Orlando, Florida, boasts a history that’s as captivating as the theme parks it’s known for today. Long before tourists flocked to the city, the land was home to the Timucua people for centuries. In 1838, during the Seminole Wars, the U.S. Army established Fort Gatlin in what is now the Orlando area. A small community grew around the fort, initially named Jernigan after the first permanent European settlers, the Jernigan family.

As the Seminole Wars subsided, the focus shifted to agriculture. Cotton and cattle became the lifeblood of the local economy. In 1857, the community officially became Orlando, a tribute to Army sentry Orlando Reeves who died during the wars. The arrival of the South Florida Railroad in 1880 was a game changer. It spurred significant growth and shifted the commercial center from the courthouse to the new rail depot.

The late 19th century saw another boom – citrus. Orlando became a hub for the citrus industry, ushering in a “Golden Era” of prosperity. Notable homesteaders like the Curry family played a key role in this period of growth. The 20th century brought new chapters. The establishment of Cape Canaveral in the 1950s, just east of Orlando, fueled growth due to the aerospace industry.

However, the true turning point arrived in 1971 with the opening of Walt Disney World.
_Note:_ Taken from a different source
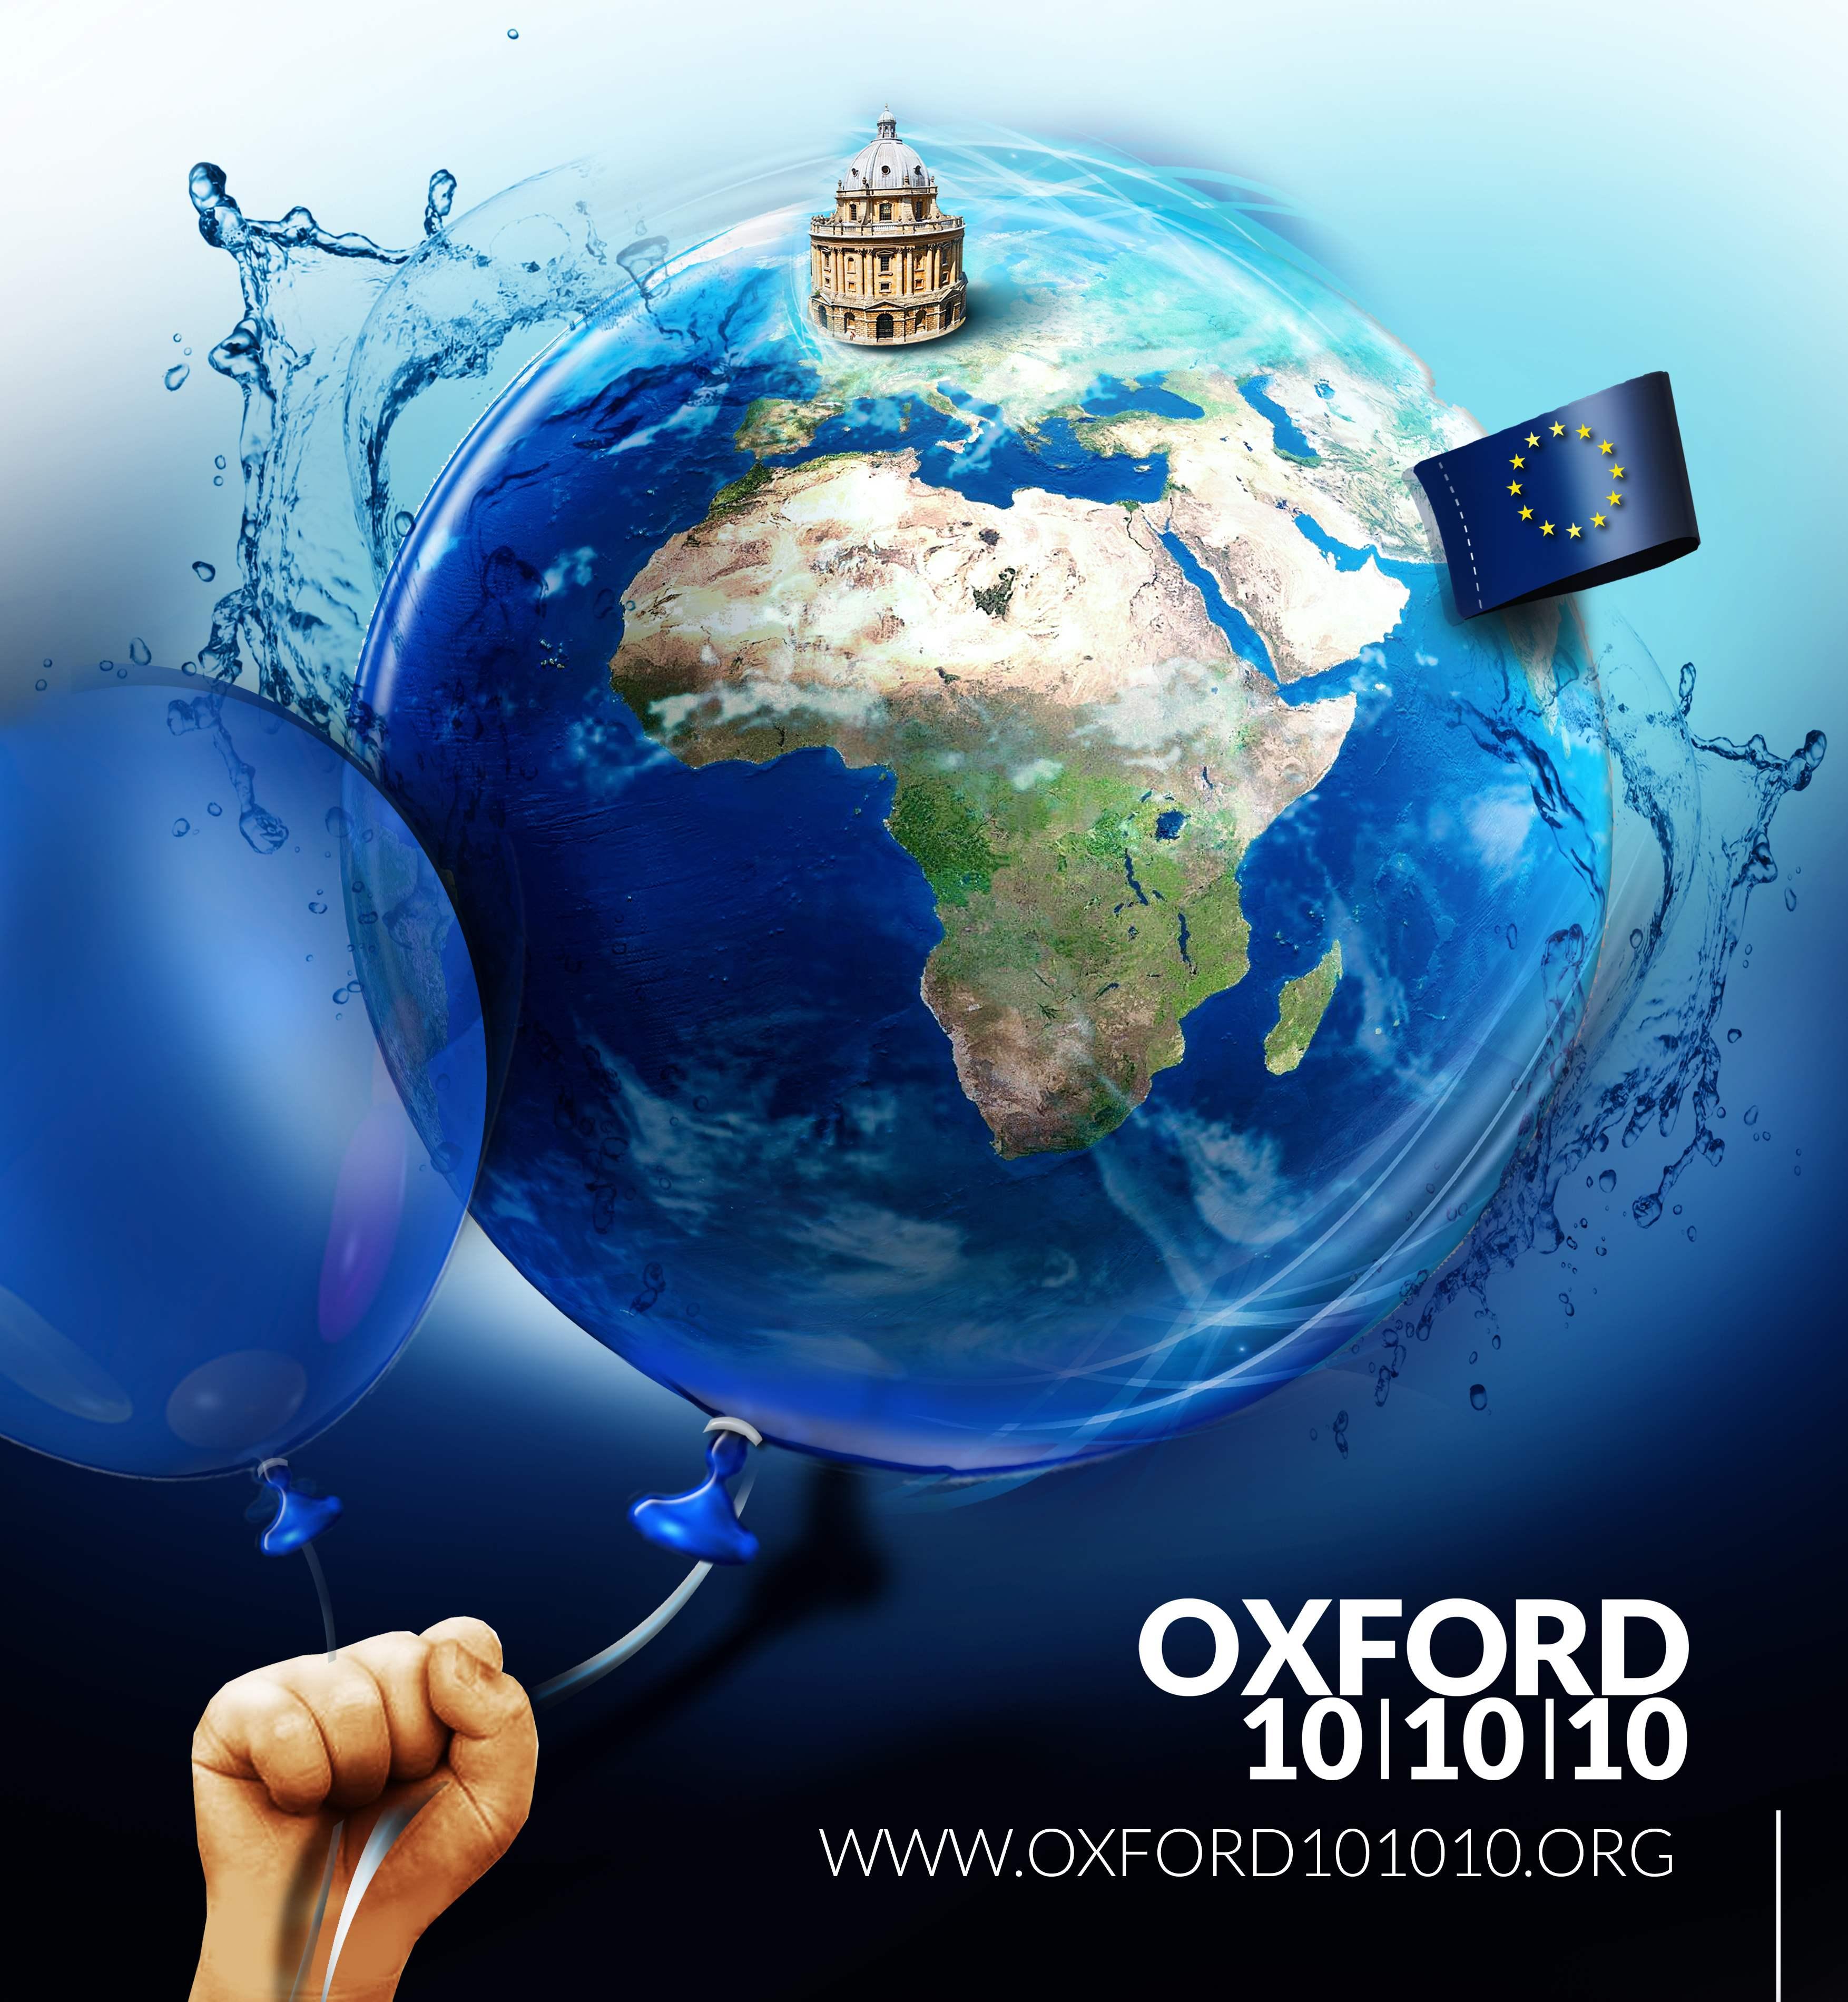 Oxford 10/10/10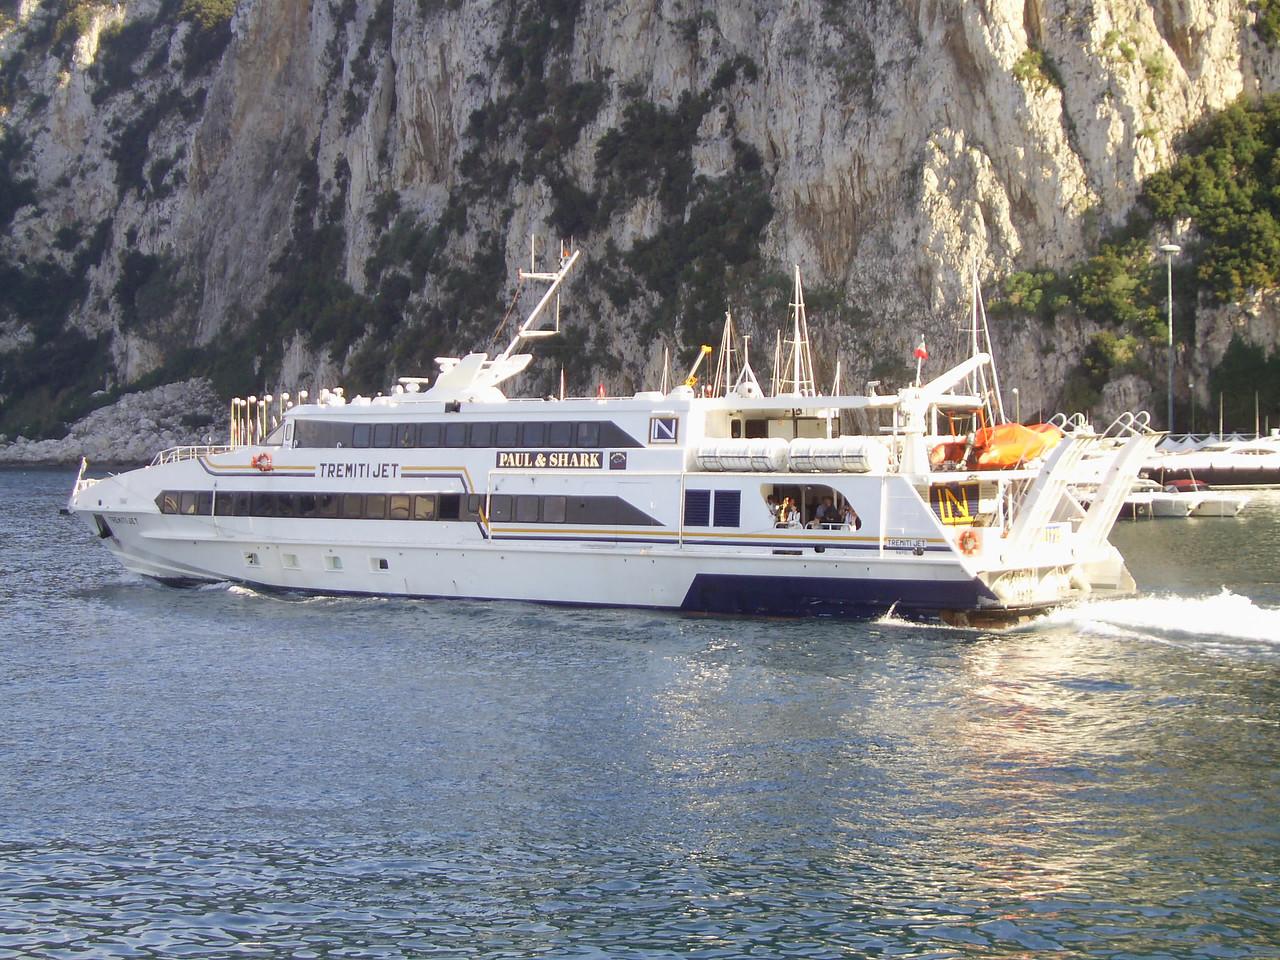 2007 - HSC TREMITI JET departing from Capri.

This iconic theme park transformed Orlando into a global tourism destination, attracting millions of visitors each year. Today, Orlando remains a leader in tourism, boasting a wide variety of theme parks, entertainment options, and a thriving hospitality industry. Looking ahead, the city is diversifying its economy, attracting high-tech companies and fostering innovation in fields like digital media and life sciences. Orlando’s story continues to be written, a testament to its ability to adapt and thrive.